(extracto) ... Sin embargo,después dela guerra, los dirigentes del valle de Lehigh "empezaron a preguntarse qué pasaría si Bethlehem Steel desapareciera de alguna manera", informó el Morning Call, un periódico local. Tras una serie de huelgas de trabajadores del acero -incluida una que duró 116 días en 1959-, los líderes empresariales locales se embarcaron en una iniciativa de desarrollo económico para crear el primer parque industrial moderno de la región. La creación de Lehigh Valley Industrial Park (LVIP), una organización privada de desarrollo económico sin ánimo de lucro, contribuyó a allanar el camino para el futuro económico de la región. En la actualidad, LVIP cuenta con siete polígonos industriales, que han atraído a más de 500 empresas -con 24.000 puestos de trabajo- y 1.200 millones de dólares en inversión privada desde 1959. "Imagínense que LVIP no hubiera puesto en marcha esta iniciativa", declaró un promotor inmobiliario al Morning Call. "Hubiéramos sido una ciudad de dos o tres caballos, y si esos caballos murieran o abandonaran la ciudad, imagínese dónde estaríamos".
En su lugar, el Valle adoptó la coordinación regional, la previsión y el espíritu empresarial. Como escribe el sociólogo Sean Safford en Por qué el Garden Club no pudo salvar Youngstownla "resistencia económica del Valle se debe en gran medida a que la estructura social de sus interacciones cívicas conectó a grupos clave que necesitaban cooperar frente a la crisis de desindustrialización de la región". En los años 70, por ejemplo, la Autoridad del Condado de Lehigh construyó una planta de pretratamiento de aguas residuales cerca de la ruta 100 en Upper Macungie. La planta convirtió esa zona en un centro económico para las empresas de bebidas, desde la cervecera Schaefer a Kraft Foods, que podían tratar sus aguas residuales industriales en las instalaciones.

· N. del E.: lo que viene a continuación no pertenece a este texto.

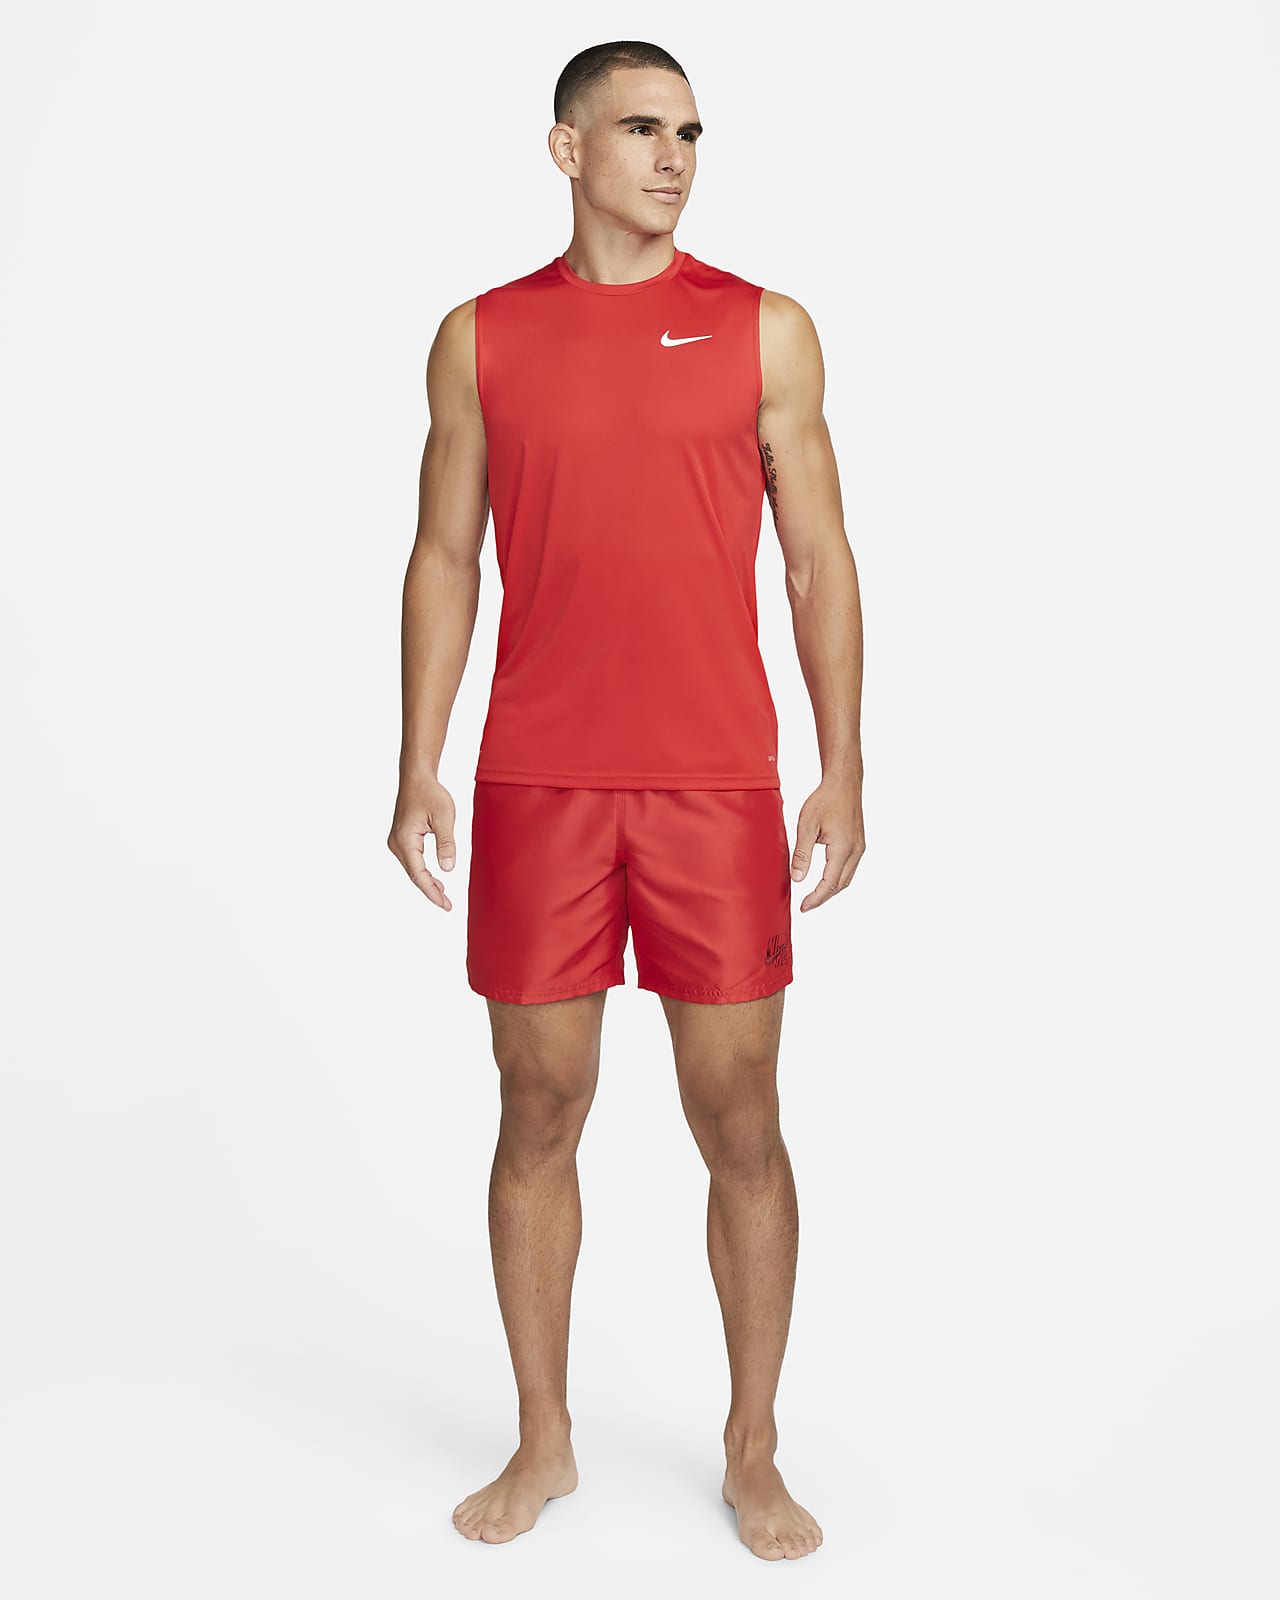 Nike Men's Essential Sleeveless Hydroguard, Red, Size: XL

En 1983, el gobernador de Pensilvania, Dick Thornburgh, creó Ben Franklin Technology Partners, un programa de desarrollo económico financiado por el Estado que invierte en nuevas empresas y fabricantes emergentes. La incubadora del programa abrió sus puertas en las antiguas instalaciones de investigación de Bethlehem Steel, situadas en la montaña que domina el campus principal de la Universidad de Lehigh. A lo largo de los años, Ben Franklin ha investigado a sus posibles clientes para ponerlos en contacto con inversores privados. Como señala un informe de 2018 de la Pennsylvania Economy League, entre 2012 y 2016, Ben Franklin "ayudó a crear 11.407 puestos de trabajo bien remunerados, generó 386 millones de dólares en ingresos fiscales para el estado e impulsó la economía general de la Commonwealth en 4.100 millones de dólares." Entre las historias de éxito de Ben Franklin se encuentra OraSure Technologies, fabricante de kits de diagnóstico médico, que el año pasado anunció una expansión multimillonaria.